Kenny Bednarek (born October 14, 1998) is an American track and field sprinter from Rice Lake, Wisconsin. He specializes in the 200-meter distance, having won a silver medal at the 2020 Summer Olympics and at the 2022 World Championships.

Single-day 200/400 feat 
On May 17, 2019, running as a freshman for Indian Hills Community College in Ottumwa, Iowa at the age of 20, he ran the fourth fastest 200 meters of all time, under any conditions, running 19.49 at altitude with an exceptionally strong 6.1 mps aiding wind in the semi-finals of the NJCAA National Championships in Hobbs, New Mexico. The following day, Bednarek proved his speed by running 19.82 into a -0.8 headwind and running a 44.73 400 meters on the same day, becoming the NJCAA national champion in both events. 19.82 displaced Olympic gold medalist Tommie Smith's former world record for the #30 fastest legal race of all time. Six men have run faster into a negative wind, but -0.8 is the strongest hindering wind against any athlete to break 19.95.

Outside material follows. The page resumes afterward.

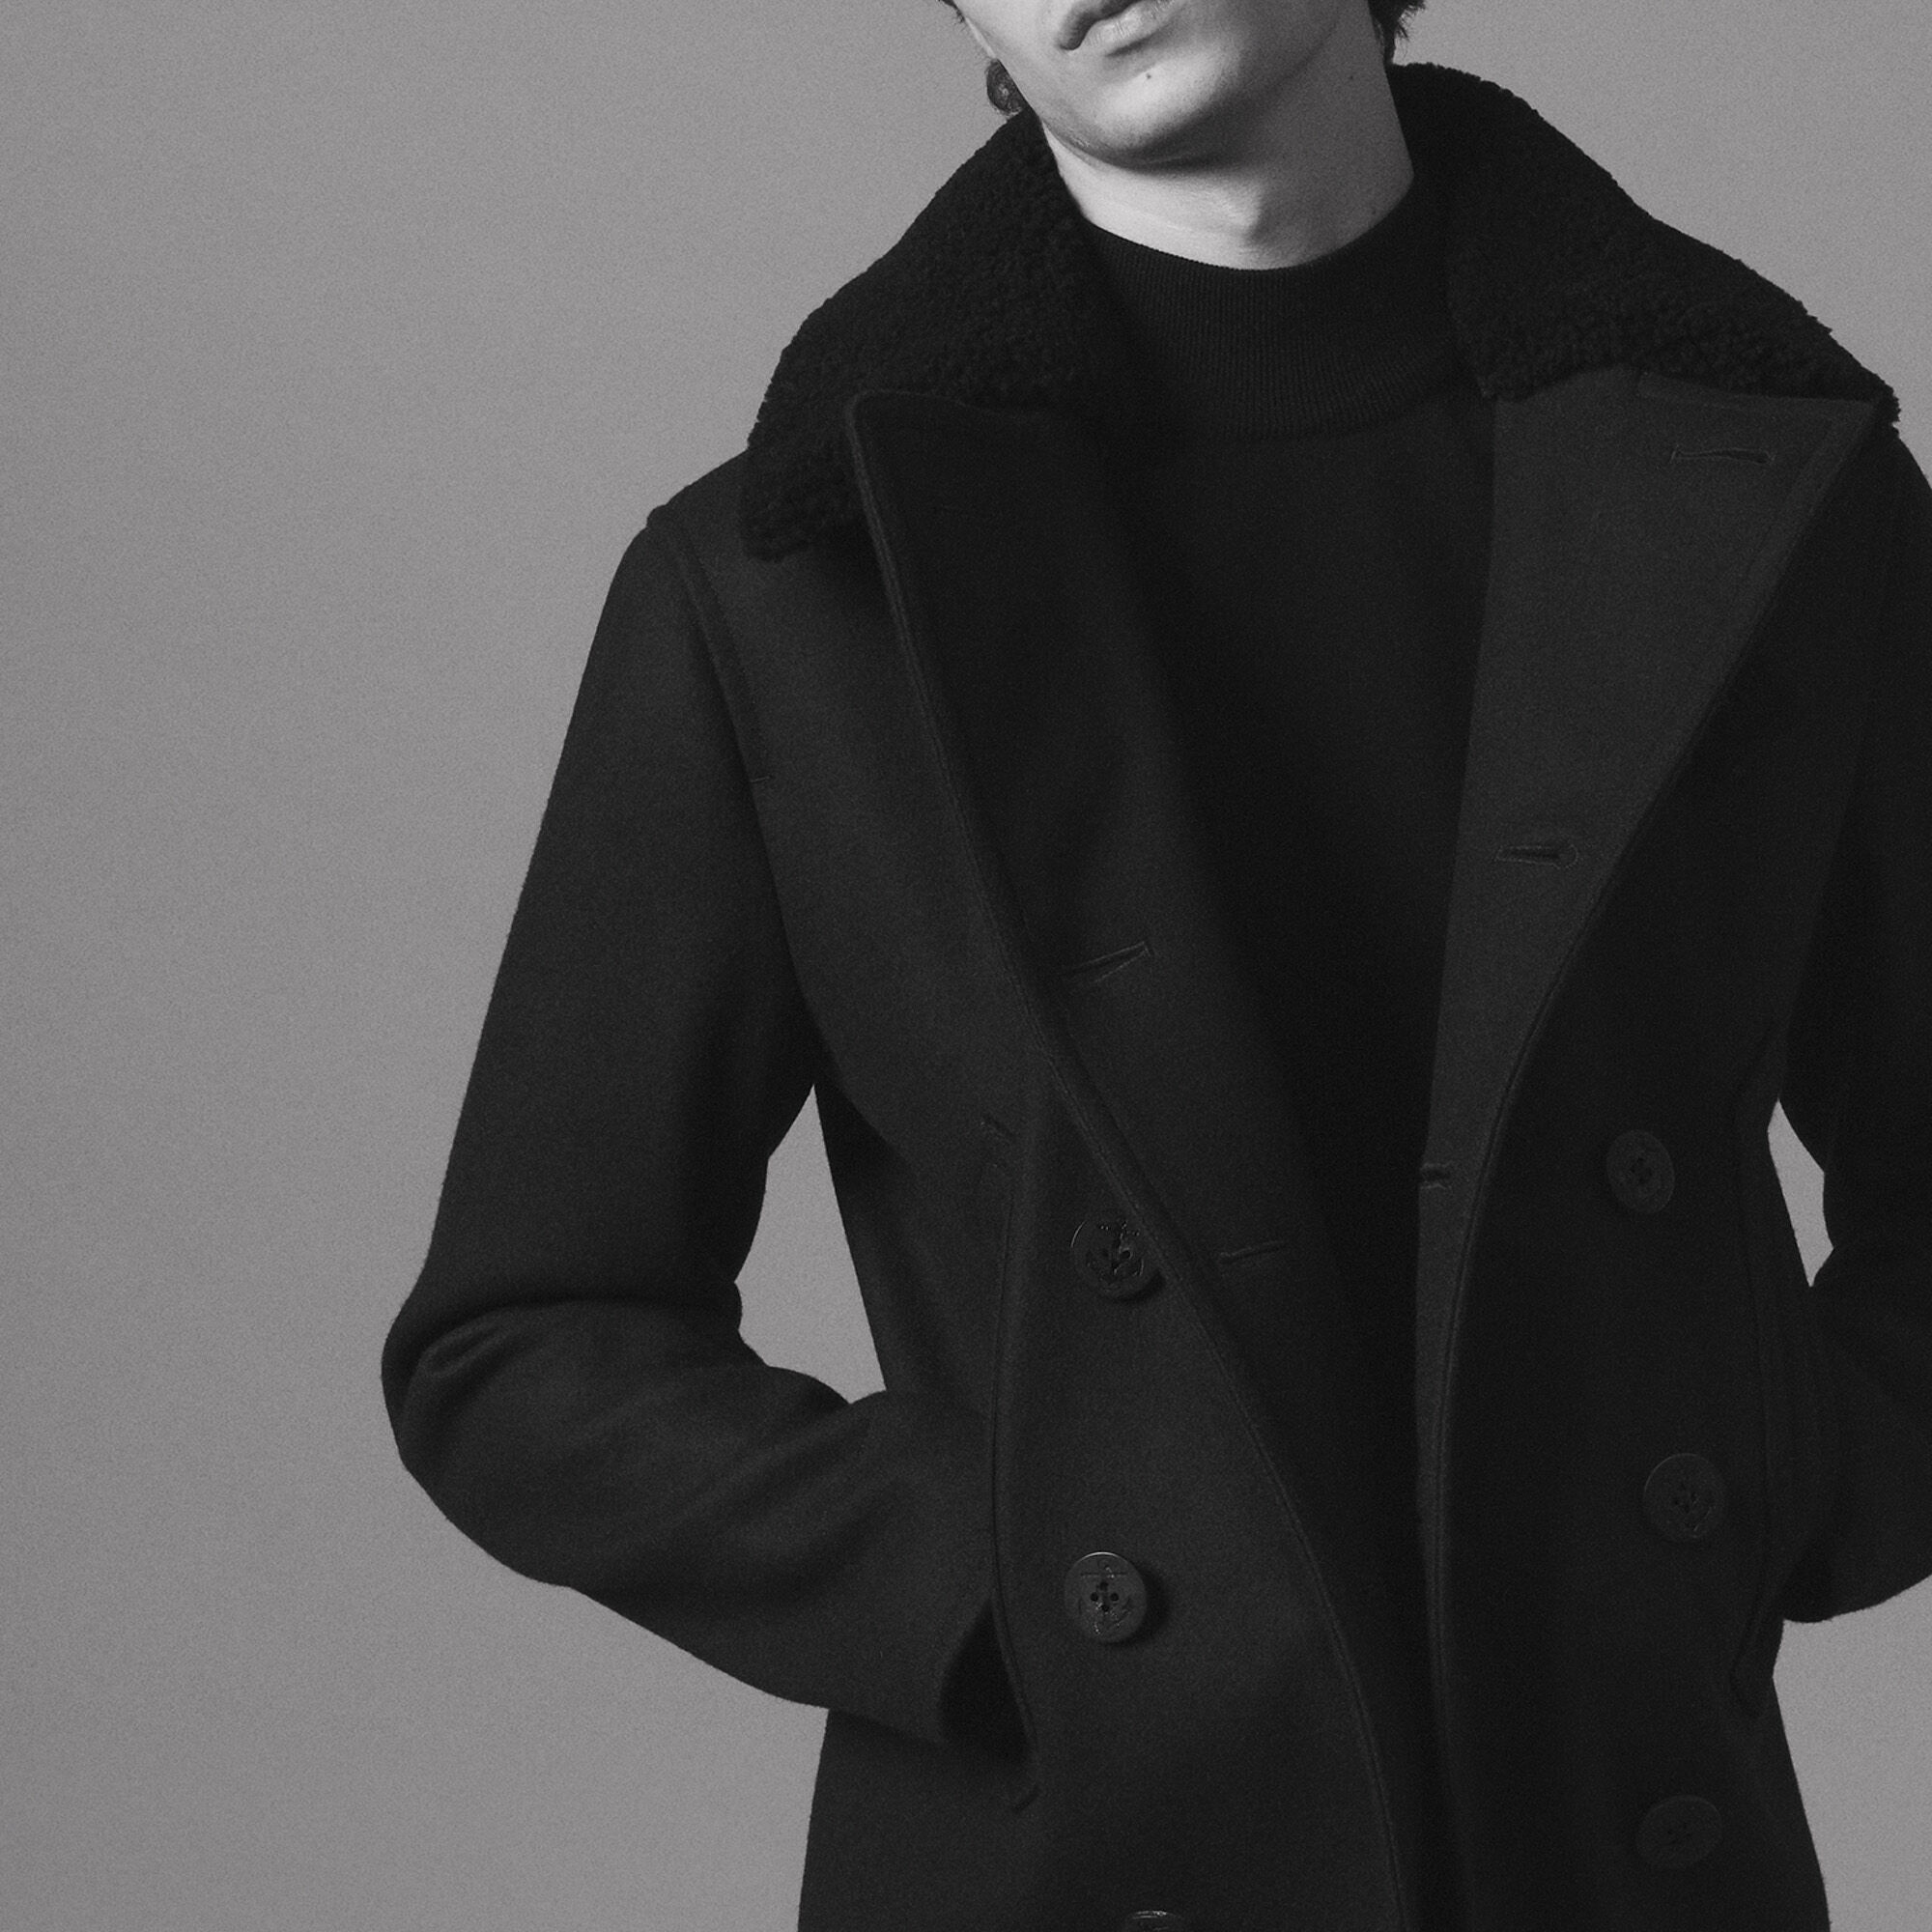 Manteau the kooples femme hiver 2018

Only one other person, Botswanan Isaac Makwala, has ever run sub-20 and sub-45 in the same day. Makwala was 28 when he did that in Madrid on July 6, 2014, making Bednarek the youngest and only American athlete to pull off the feat.

Early life 
Born in Tulsa, Oklahoma, Kenny and his fraternal twin brother, Ian, were adopted by Mary Bednarek and moved to Rice Lake, Wisconsin. Both brothers took to running youth track starting in the second grade. Running for Rice Lake High School, Kenny won seven individual state titles and led his team to a 4×400 relay championship. His 20.43 was the number one high school 200-meter time in the nation in 2018.

He also played football at Rice Lake, scoring 17 touchdowns as a wide receiver, kick returner and on jet sweeps during his junior and senior years, recorded on videos posted on the recruiting website hudl.com. He also starred as a gunner on special teams. During his senior year, his Rice Lake Warriors teams won state championships in both track and football. Bednarek holds Wisconsin all-class records for 200 and 400 meters and the Division 2 record for 100 meters.

Junior College 
He did not qualify academically for a major four-year university so he enrolled at Indian Hills Community College in Ottumwa, Iowa. He said, "I had a goal to go to university after JUCO, but obviously God (had) a different plan."

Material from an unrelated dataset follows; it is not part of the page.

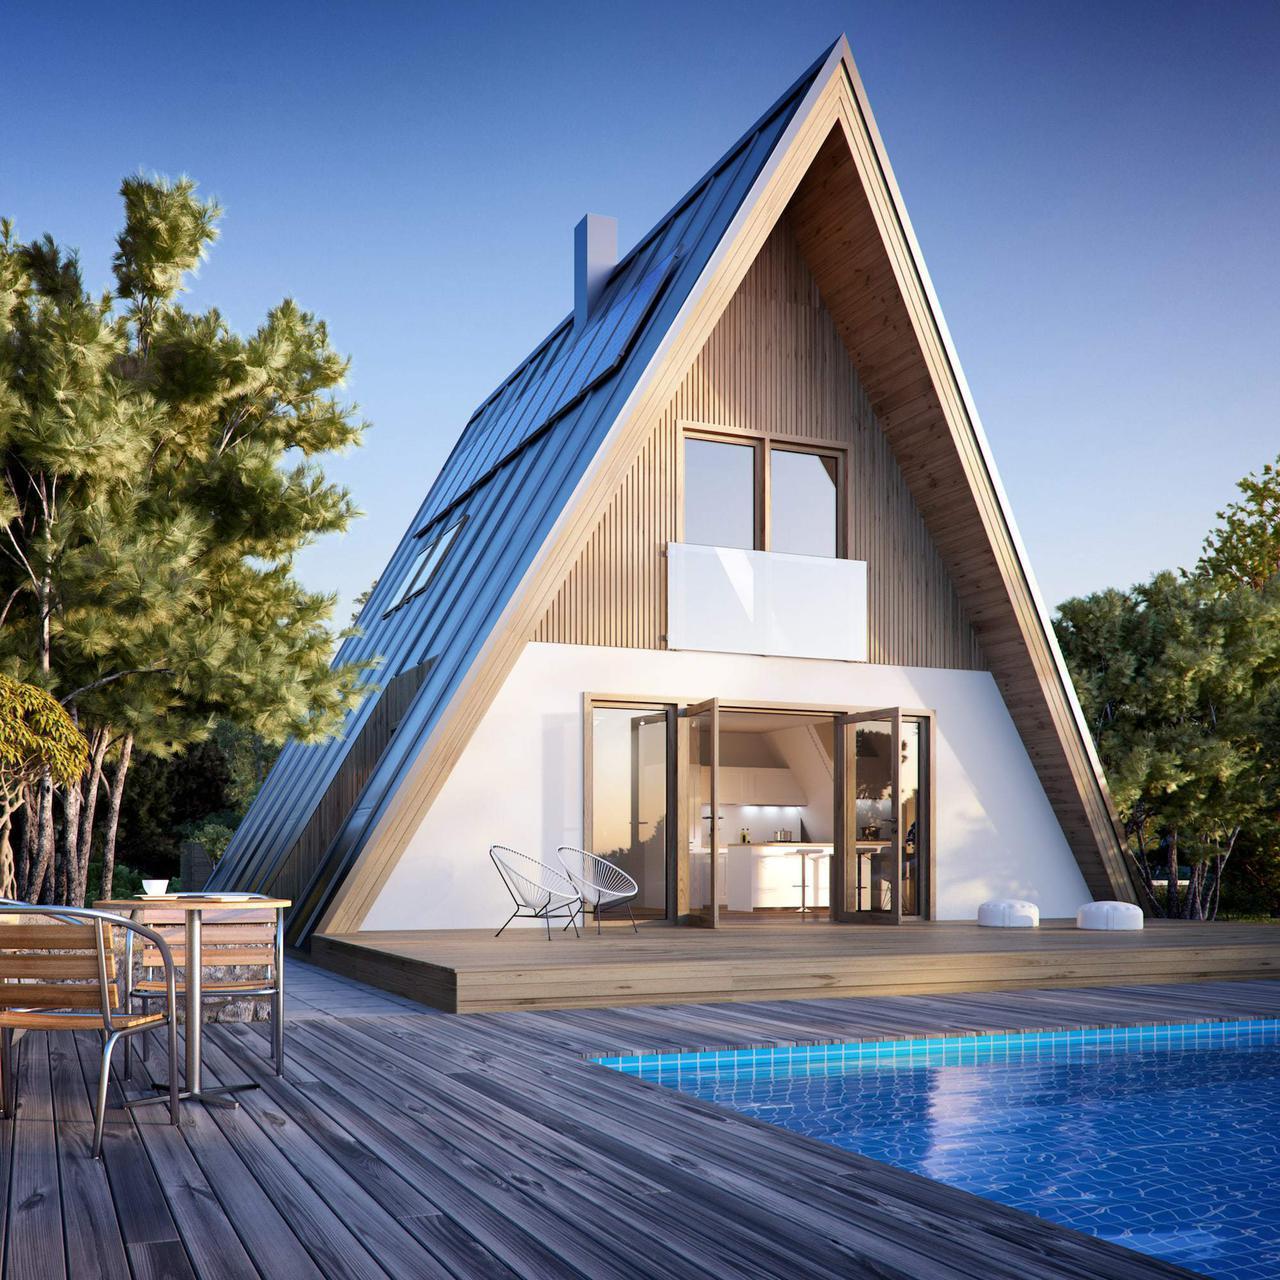 A-frame homes
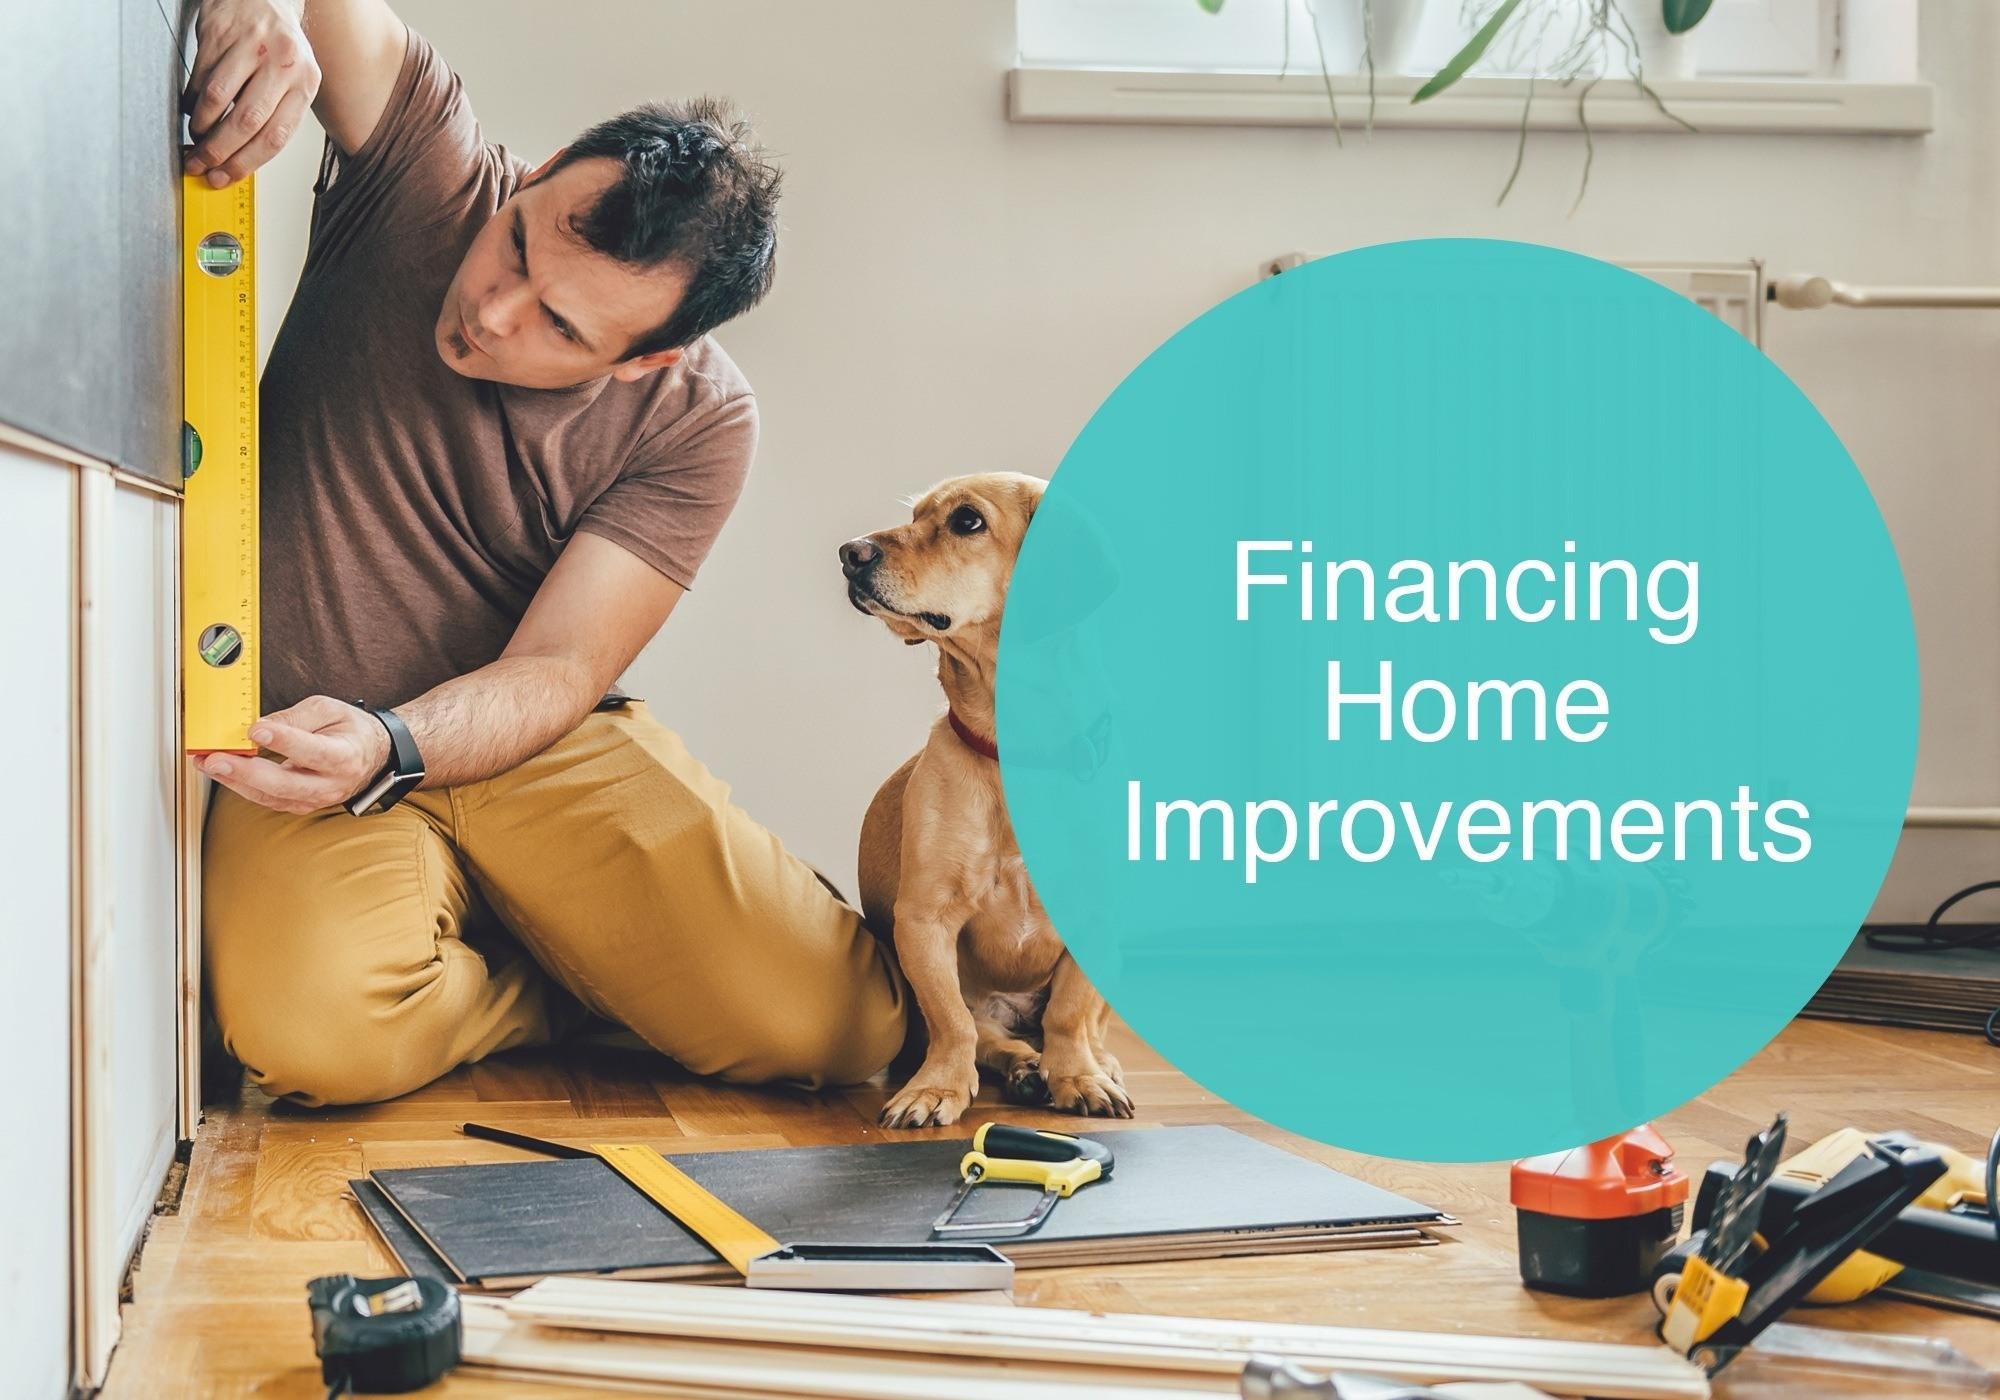 HELOC home improvements image

At Indian Hills, Bednarek ran the fastest indoor 200m in the US, the #2 time in the world for the indoor season, which ranks him tied as the #13 individual on the all time indoor list.

For his achievement, Bednarek was named the "USATF Athlete of the Week" on May 22, 2019.

Professional career 
In July 2019 he left Indian Hills and signed a pro contract with Nike and began training in Florida with former world champion sprinter and Olympic medalist Justin Gatlin. “It wasn’t my decision," he said. "But you know Nike wanted to send me somewhere so I just kind of listened. So you know, they know what they’re doing. It’s all you know just going to trust the process.”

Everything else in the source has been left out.